SCEC Award Number 20021
Proposal Category Individual Proposal (Integration and Theory)
Proposal Title Earthquake moment tensor catalog in the Southern California using SCEC 3D Community Velocity Models
Investigator(s)
Name Organization
Zhongwen Zhan California Institute of Technology
Other Participants Xin Wang
SCEC Priorities 3a, 2d, 4a SCEC Groups Seismology, CXM, CS
Report Due Date 03/15/2021 Date Report Submitted No report submitted
Project Abstract
Earthquake moment tensor catalog in the Southern California has been routinely processed by the Southern California Earthquake Data Center (SCEDC) using a simple 1D Earth velocity model, which may introduce large uncertainties as the complicated Earth 3D structure effects cannot be adequately quantified. To establish the best practices of earthquake moment tensor catalog in the Southern California, we propose to adopt the Southern California Earthquake Center (SCEC) 3D Community Velocity Models (CVMs) in near-real-time automatic earthquake moment tensor inversion. Our study will result in a new moment tensor catalog for the Southern California region, and provide more accurate moment tensor solutions, focal depths, and moment magnitudes. Our catalog will be available for further seismological and geological investigations, and will contribute to mitigating the seismic hazard and risk in the area.
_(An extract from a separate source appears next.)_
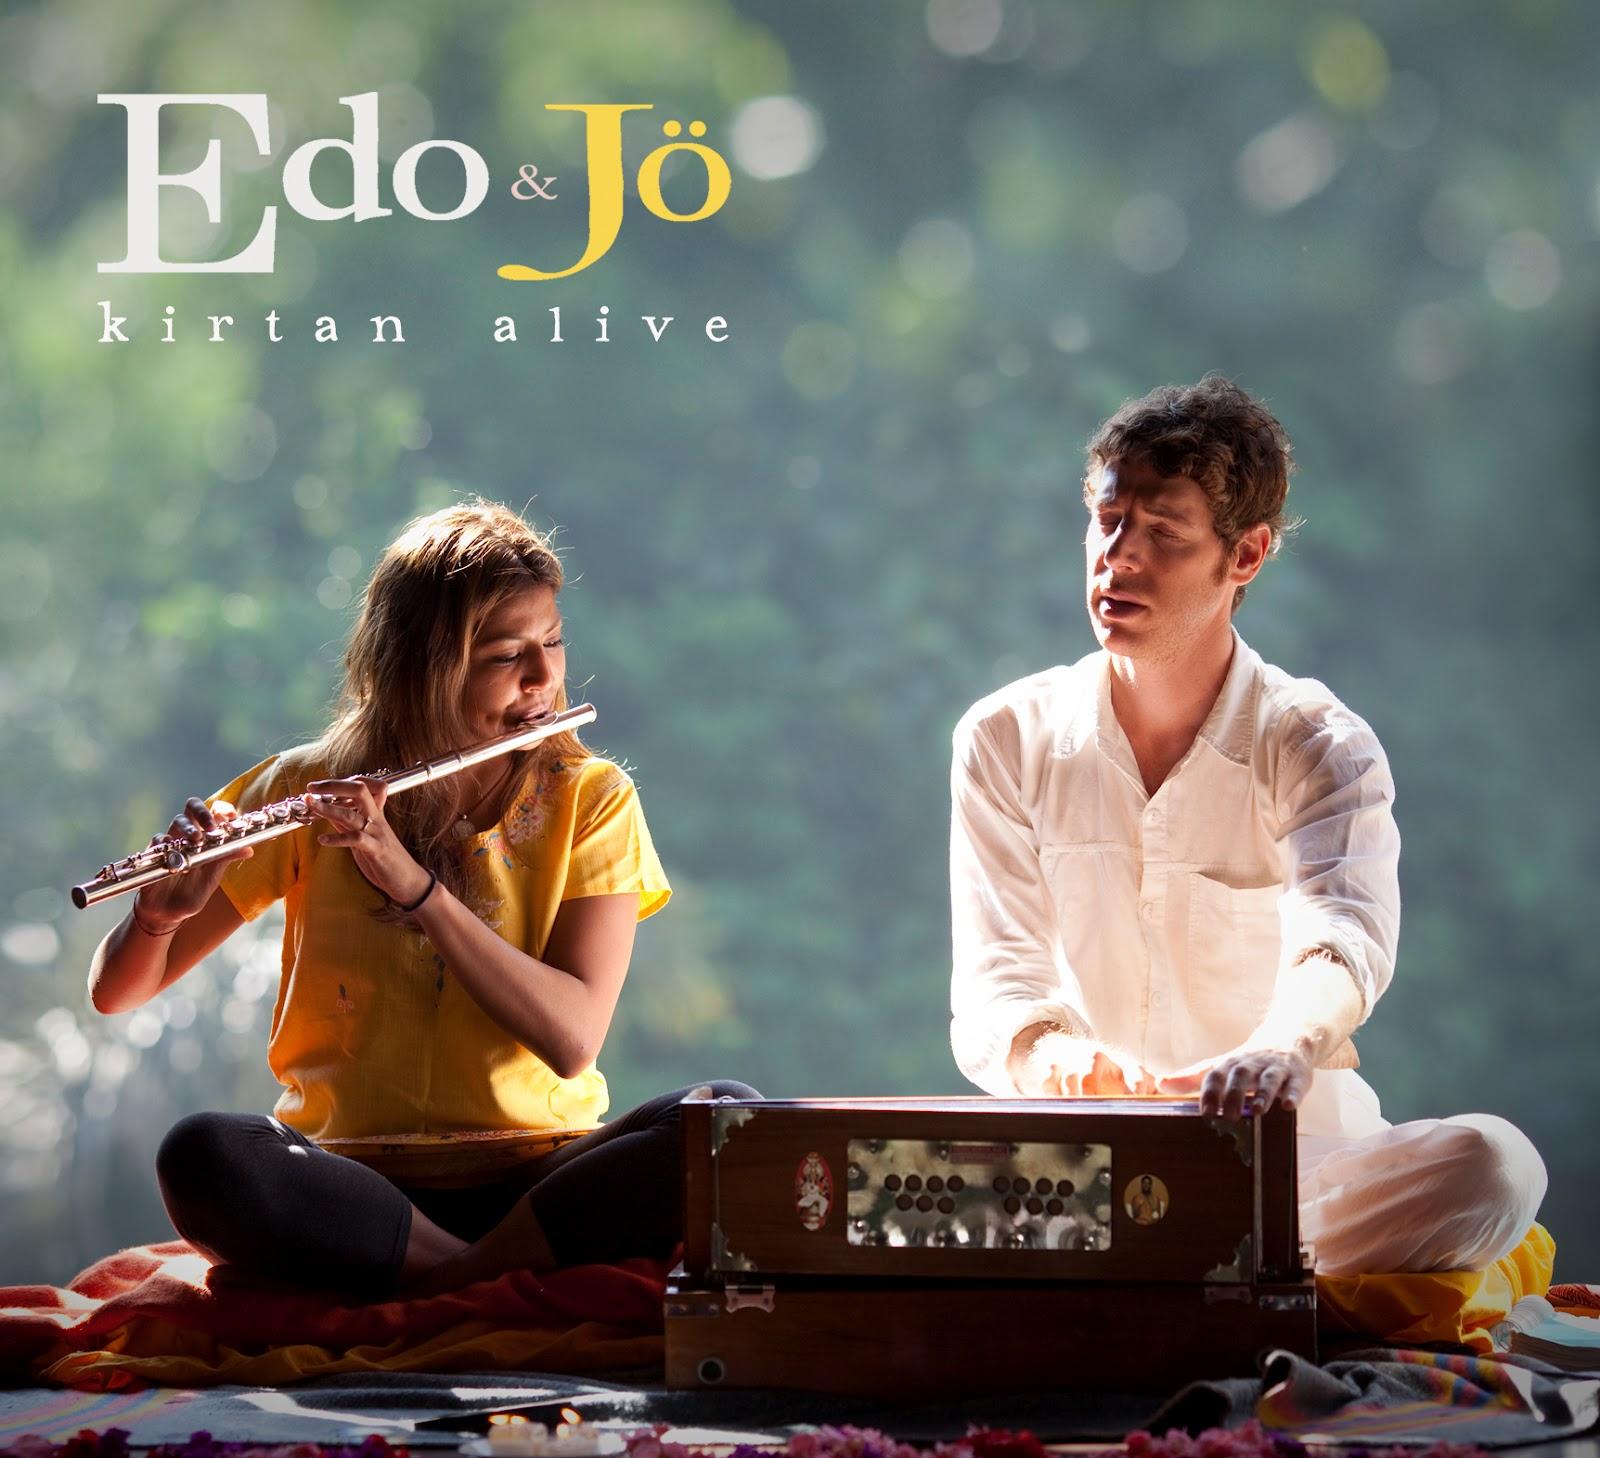 Inside World Music: CD Review: Edo & Jo's 'Kirtan Alive

Intellectual Merit We have developed a highly automated and efficient algorithm to determine the moment tensor solutions for small-to-medium-sized earthquakes using 3D velocity models in the Los Angeles region. Our results show that incorporating the 3D velocity model can refine the existing moment tensor catalogs in the region, resulting in more accurate focal mechanism solutions, focal depth, and moment magnitude. In addition, our highly accurate, efficient, and automatic inversion approach can be expanded in other regions and can be easily implemented in near real-time system.
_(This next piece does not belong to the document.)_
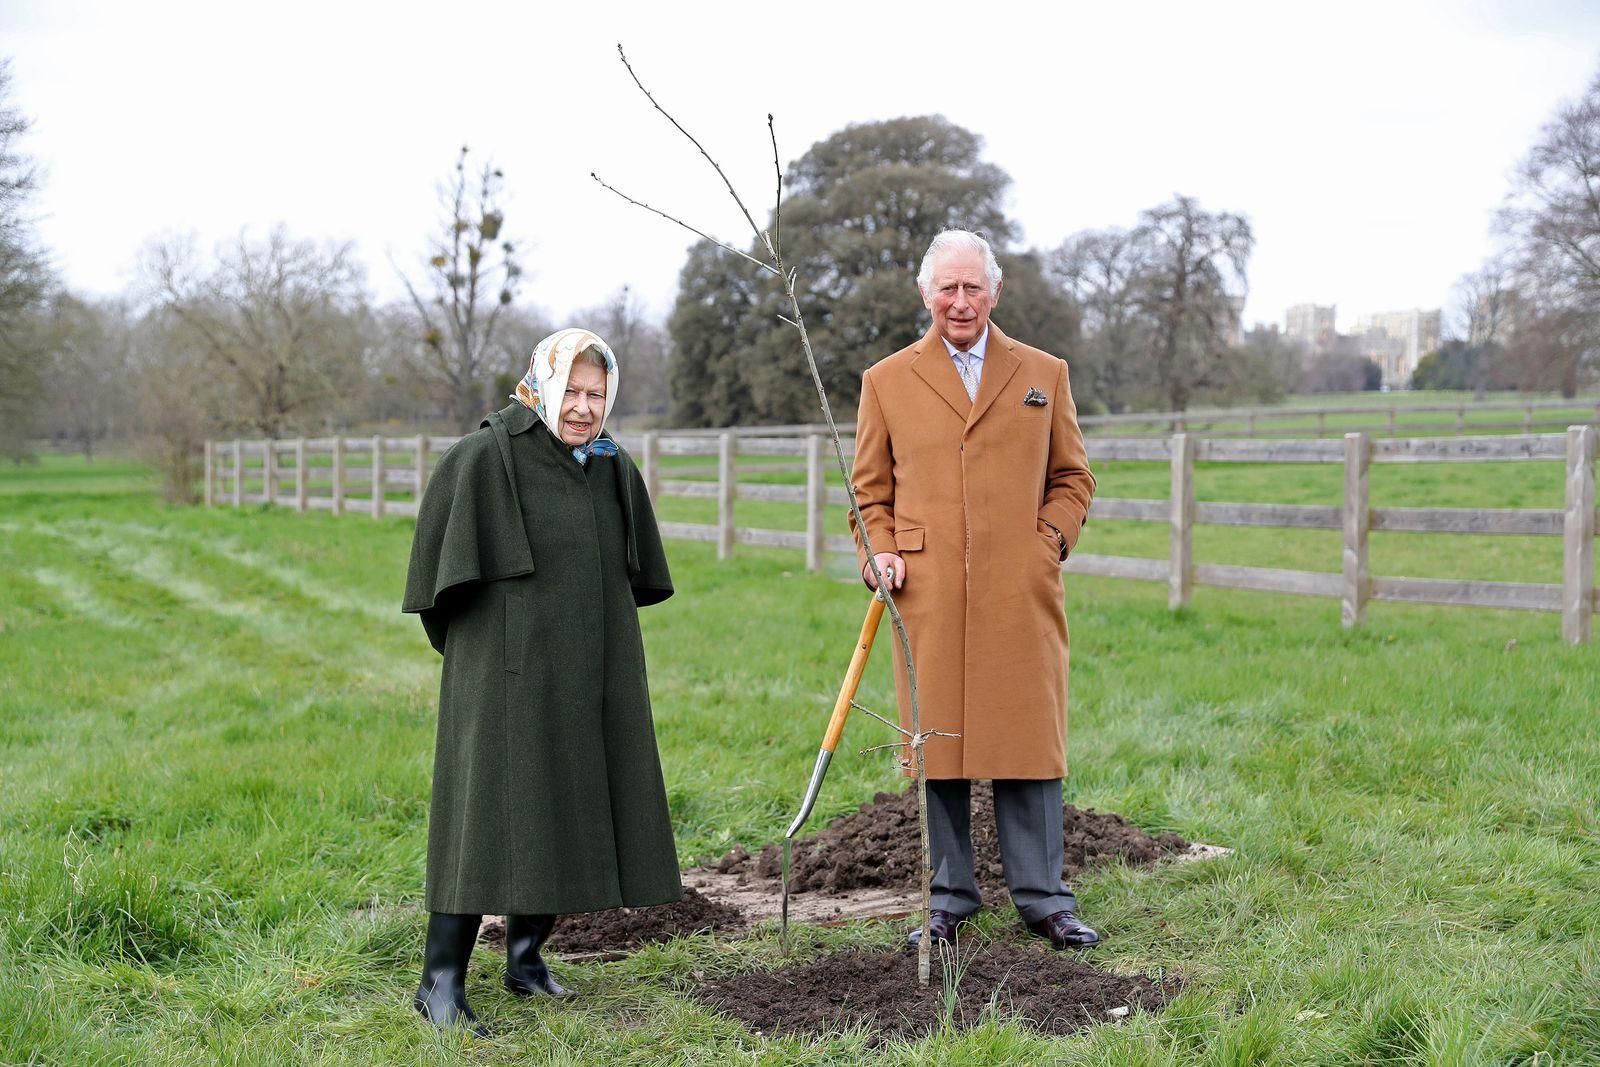 «Grüner Baldachin»: Aufruf zum Bäumepflanzen vor Queen-Jubiläum

Broader Impacts The moment tensor catalog we are producing will be the first regional scale catalog produced by full waveform inversions using 3D Green’s functions. The catalog can be used in estimating crustal stress state, fault geometries, and fault damages.
Exemplary Figure Figure 6. Comparison of 66 example focal mechanisms from the 2019 Ridgecrest earthquake sequence between our solution (red), the HASH solution (black), and the SCEDC-CMT solution (blue). These three different solutions are mostly consistent.